After joining the administration, Shah stayed closely involved with Cleantech Leaders. Over the past two years, he has been a featured guest speaker for at least 10 of the organization’s closed-door events and receptions, which cost up to $250-a-person to attend.
Cleantech Leaders’s revenue more than tripled in the year after Shah left, according to its tax disclosure records. For an annual membership fee—up to $7,500-a-year for corporate executives—the group offers members "insider access to an exclusive private community of high-level cleantech/climatech peers."
Agency appointees often have prior relationships with industry groups and companies. But a former Department of Energy official told the Washington Free Beacon that Shah’s regular participation in Cleantech Leaders Roundtable events seemed "excessive."
"That could lead someone to believe that this [group] is the way to get in front of Shah, to get in front of a senior official who oversees billions of dollars in government investments," said the former official.
Under Shah’s leadership, the LPO has become a powerhouse within the Department of Energy. The office, which was best known for a 2011 scandal involving a $500 million loan to the failed green energy company Solyndra, operated on a small budget for years.
Shah significantly expanded the staff, and the office now controls a $400 billion loan budget authorized by the Inflation Reduction Act and the Bipartisan Infrastructure Act—a fact that has been advertised by Cleantech Leaders.
"Hundreds of Billions $$$$$$," wrote Cleantech Leaders’s executive director in a LinkedIn post about Loan Programs Office funding last year. "We love Jigar Shah for that and also for co-founding the Cleantech Leaders Roundtable."
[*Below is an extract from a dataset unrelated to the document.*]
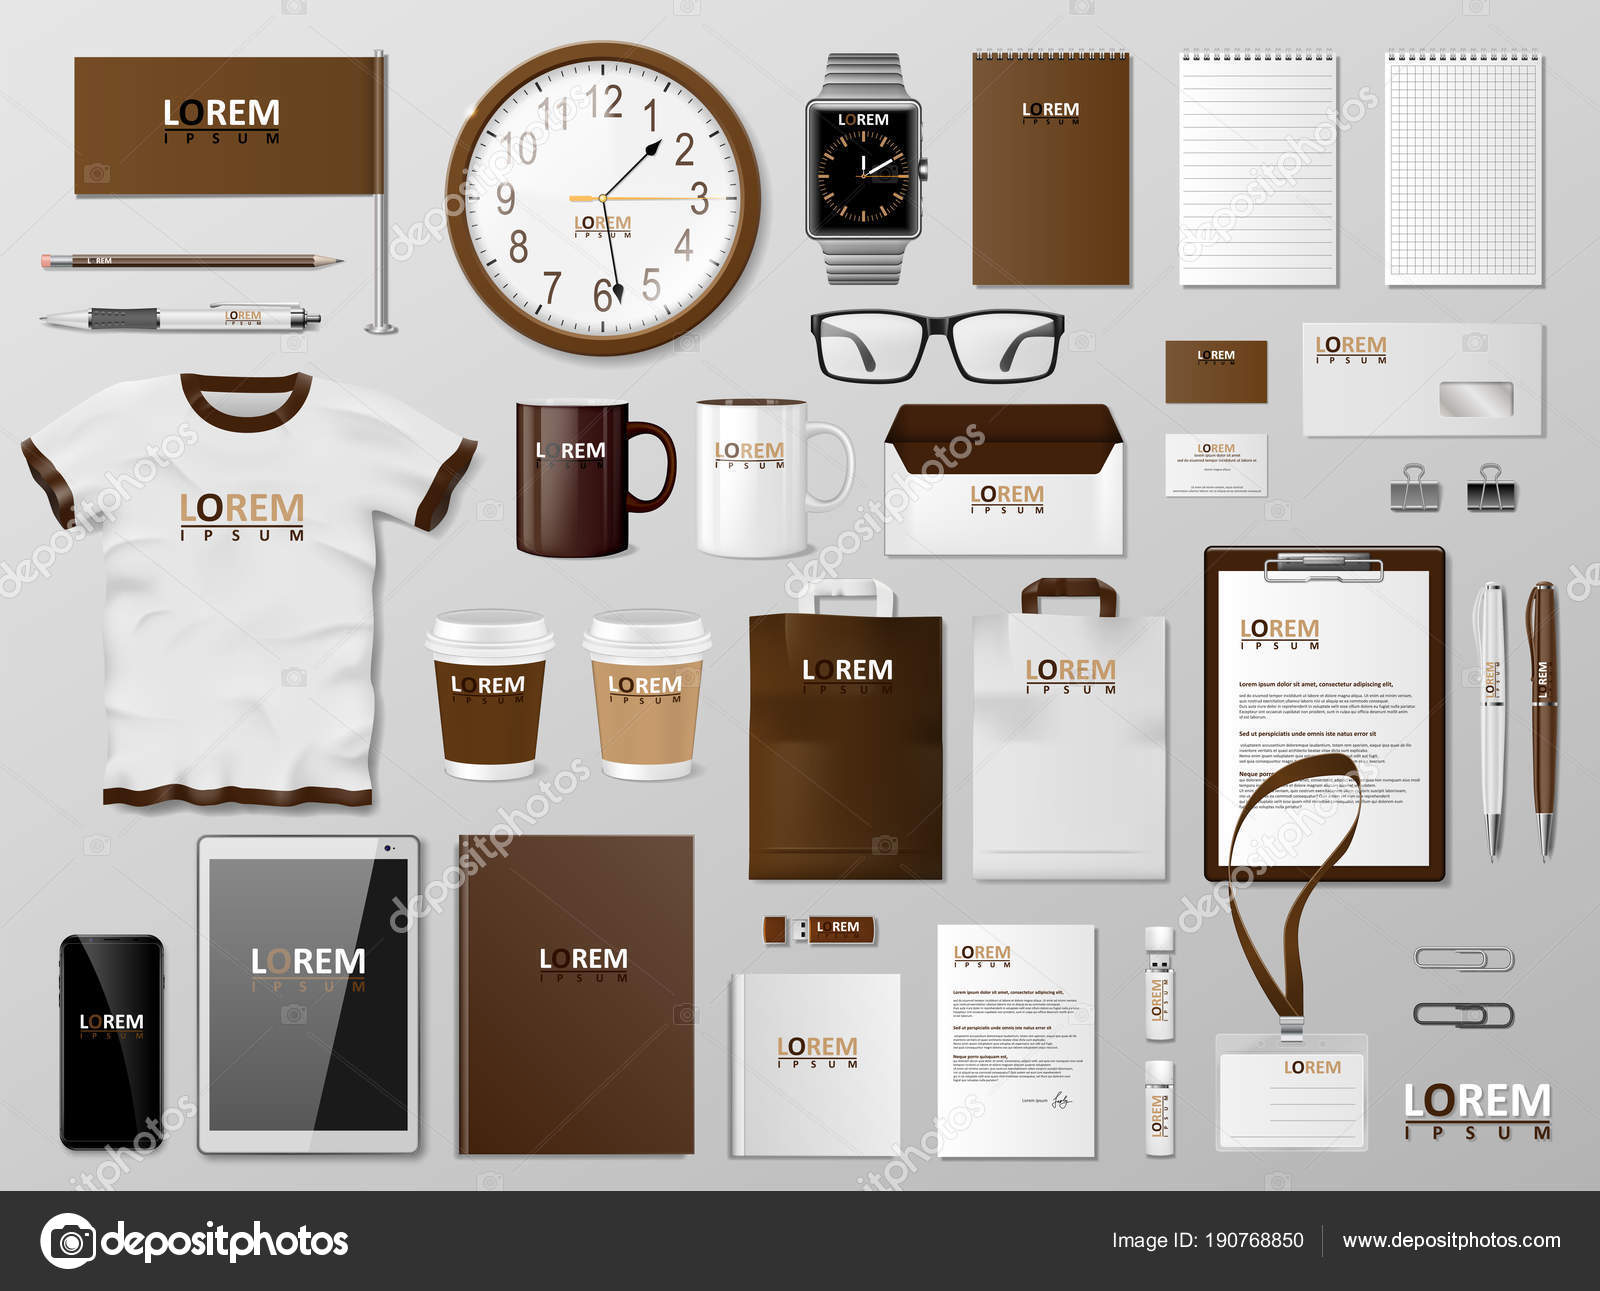 Branding Template | Corporate Branding Identity Template Brown Design Modern Realistic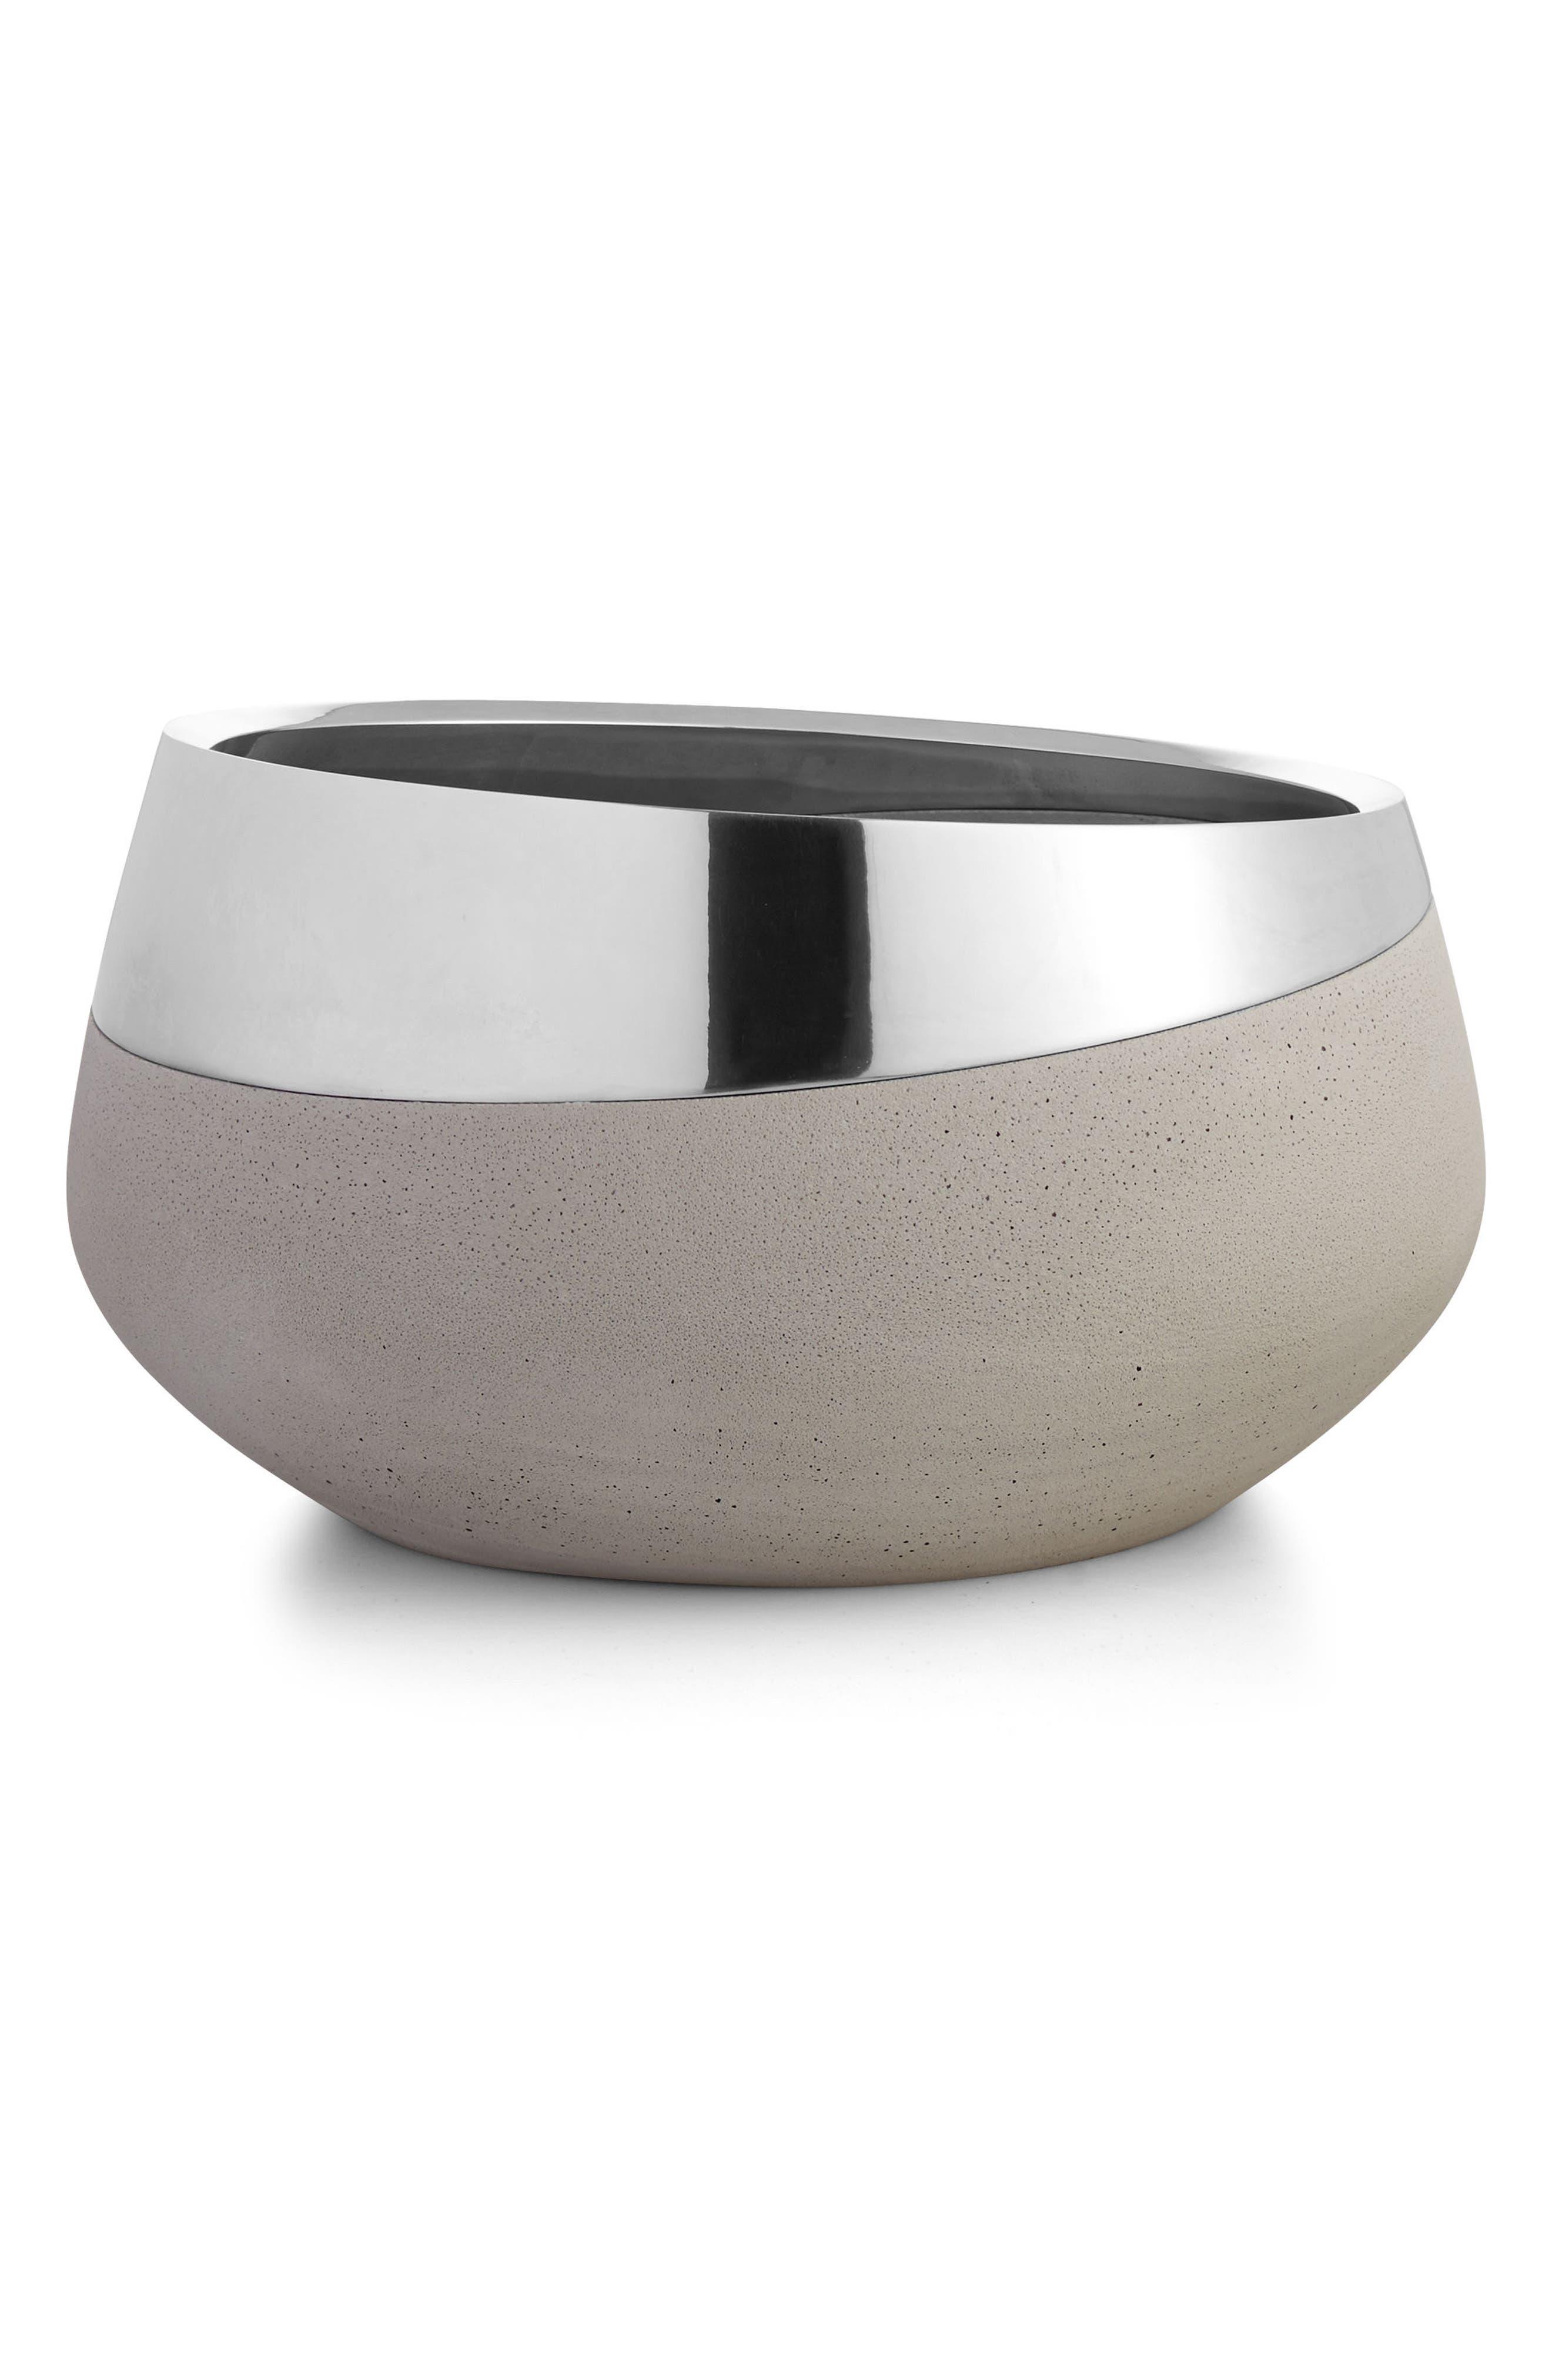 Forte Large Bowl,                             Main thumbnail 1, color,                             020

Although Cleantech Leaders doesn’t publish its membership roster, its leadership appears to have benefited from that gold rush. Shah’s office recently approved a $3 billion loan guarantee to Sunnova, a solar company where Cleantech Leaders’s board chair Anne Slaughter Andrew also sits on the board.
Cleantech Leaders’s growing influence was on full display last week, when its sister arm, the Cleantech Leaders Climate Forum, co-hosted a conference with the Loan Programs Office in Washington, D.C., for energy executives seeking funding from the agency. The paid ticketed event, which was advertised as "exclusive" and "invitation only," included discussion panels with DOE officials on topics such as "Show Me the Money: DOE's BIL/IRA Funding Opportunities Rundown."
The DOE told the Free Beacon that it co-hosted the event, but the guest list and ticket sales for the conference were controlled by the Cleantech Leaders Climate Forum. That group describes itself as the 501(c)(3) "sister" arm of the Cleantech Leaders Roundtable and shares the same leadership. The Cleantech Leaders Climate Forum was first incorporated in July, less than three months before the conference.
Several of the conference’s financial sponsors received or are seeking major loans from Shah’s department. KorePower secured an $850 million conditional commitment from the LPO in June, and Novonix recently said it is in advanced talks for financing from the office.
A DOE spokeswoman told the Free Beacon that Cleantech Leaders was in charge of selecting the sponsors. But another former official questioned the optics of having corporate sponsorships at a government co-hosted conference.
"I do question why [Loan Programs Office] would need sponsors," said the former official. "It doesn’t really meet the political smell test of being appropriate to have these sponsors."